Differences between = and <- in Python

Asked 2 years ago, Updated 2 years ago, 14 views

When there are A and B with type list in Python (or even if type is not list)

If you declare A = B and touch A afterwards, does B change as well?

Also, in order to keep B unchanged, should I declare A <-B instead of A = B?

I just turned my code, but I've never put B on the left (left side of the equal sign) and I only touched A, but I think B has changed.

python

2022-09-21 10:44

3 Answers

Think of Python's variable as basically storing addresses

>>> a = [1,2,3]
>>> b = a

If so, a stores an address value that can refer to [1,2,3] and b stores the same address value that is stored in a.

Therefore, if you work with a.append(4), b stores the same address value as a, so if you output a and b, you will get [1, 2, 3, 4].

>>> a = [1, 2, 3]
>>> b = a
>>> a = [1, 2, 3, 4]

If you do it as above, b stores the address value that a previously pointed to, but a stores the new address value, so the two exist separately.

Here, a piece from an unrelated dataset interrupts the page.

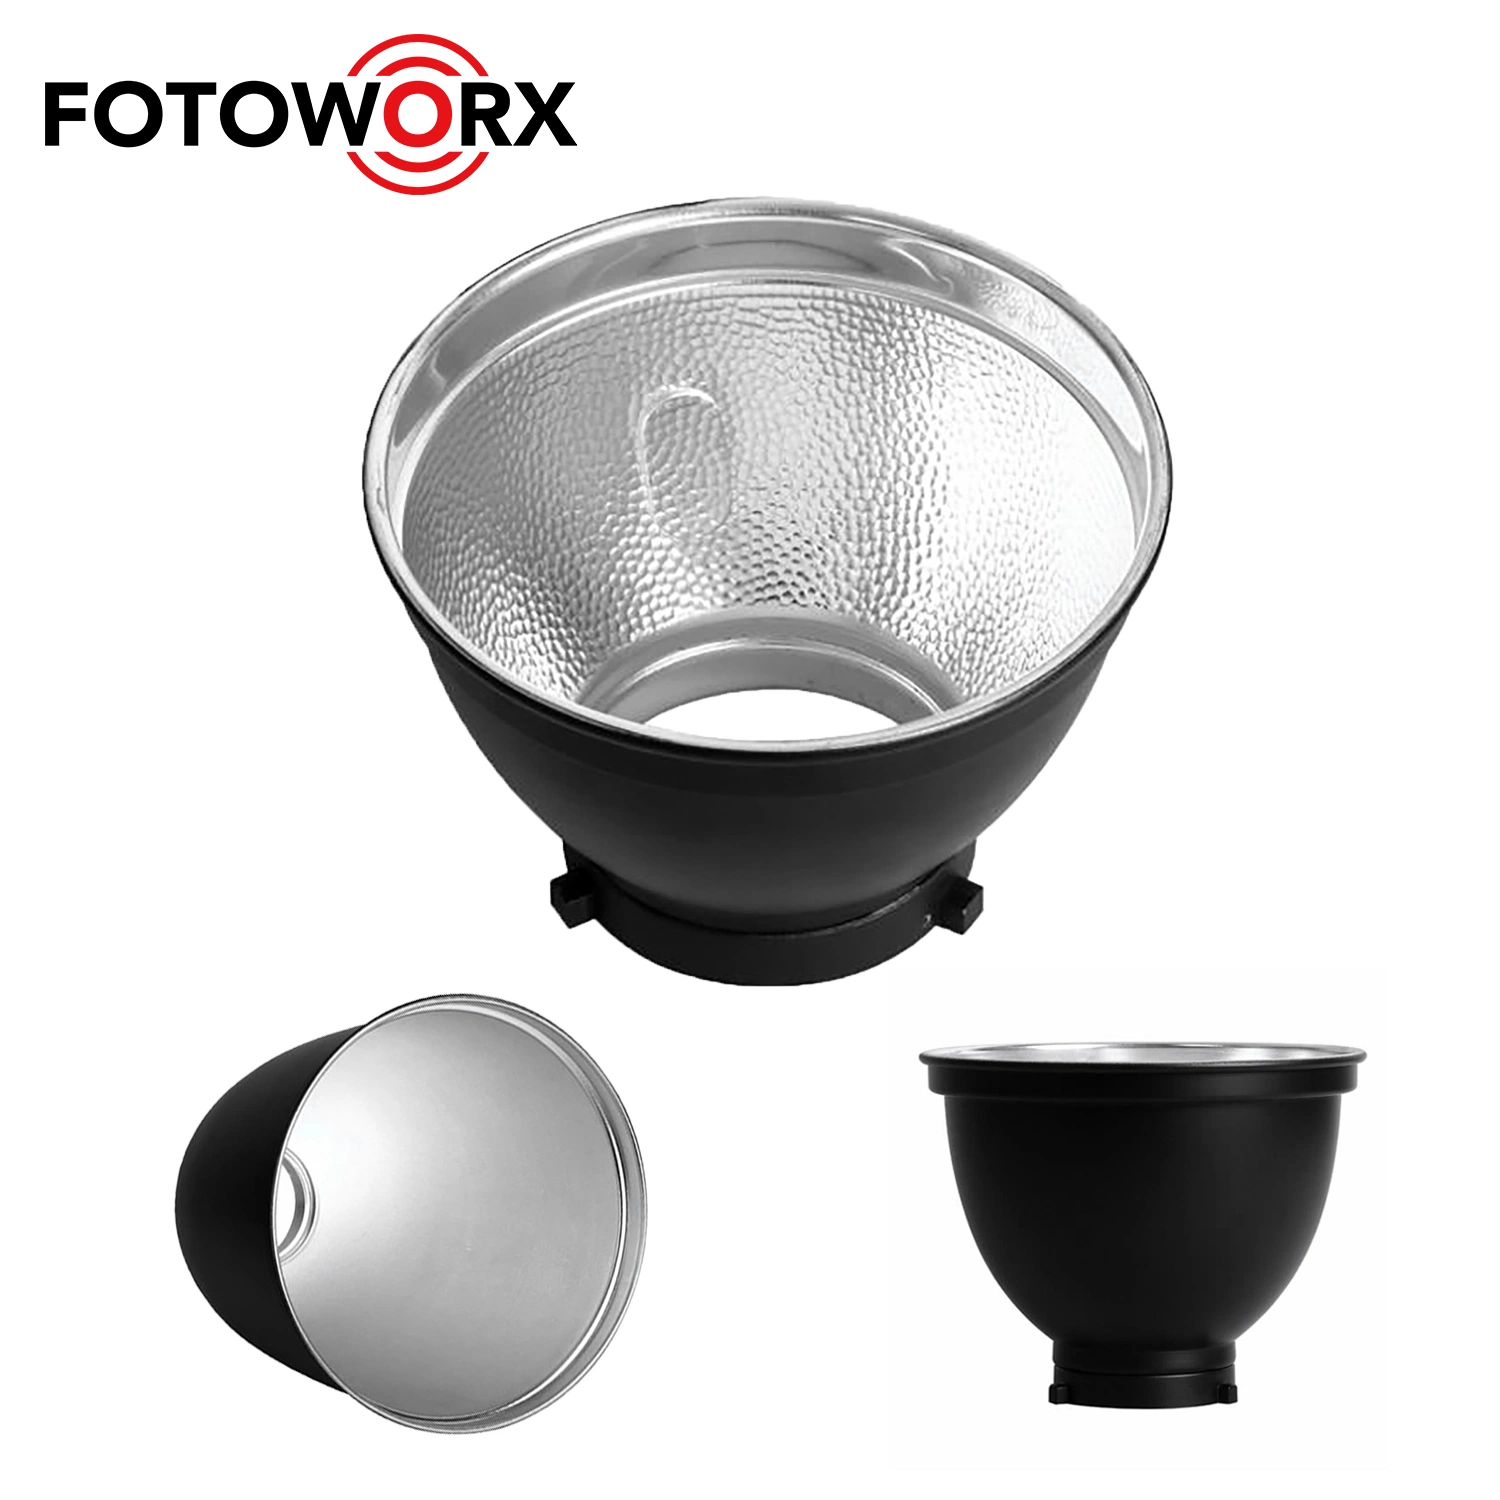 Reflector Lampshade Dish Diffuser for Studio Strobe Flash Light

If you want to distinguish between a and b in a universal situation including a list, you can do the following.

import copy
a = [1, 2, 3]
b = copy.deepcopy(a)

>>> a
[1, 2, 3]
>>> b
[1, 2, 3]
>>> a.append(4)
>>> a
[1, 2, 3, 4]
>>> b
[1, 2, 3]


2022-09-21 10:44

Watch this.

Summary: Python does not have a <- operator, but you probably misread the < and the negative sign -


2022-09-21 10:44

If you declare A = B and touch A afterwards, does B change as well?

Yes.

Many use methods such as A = B[:] to create and assign replicas using full slicing.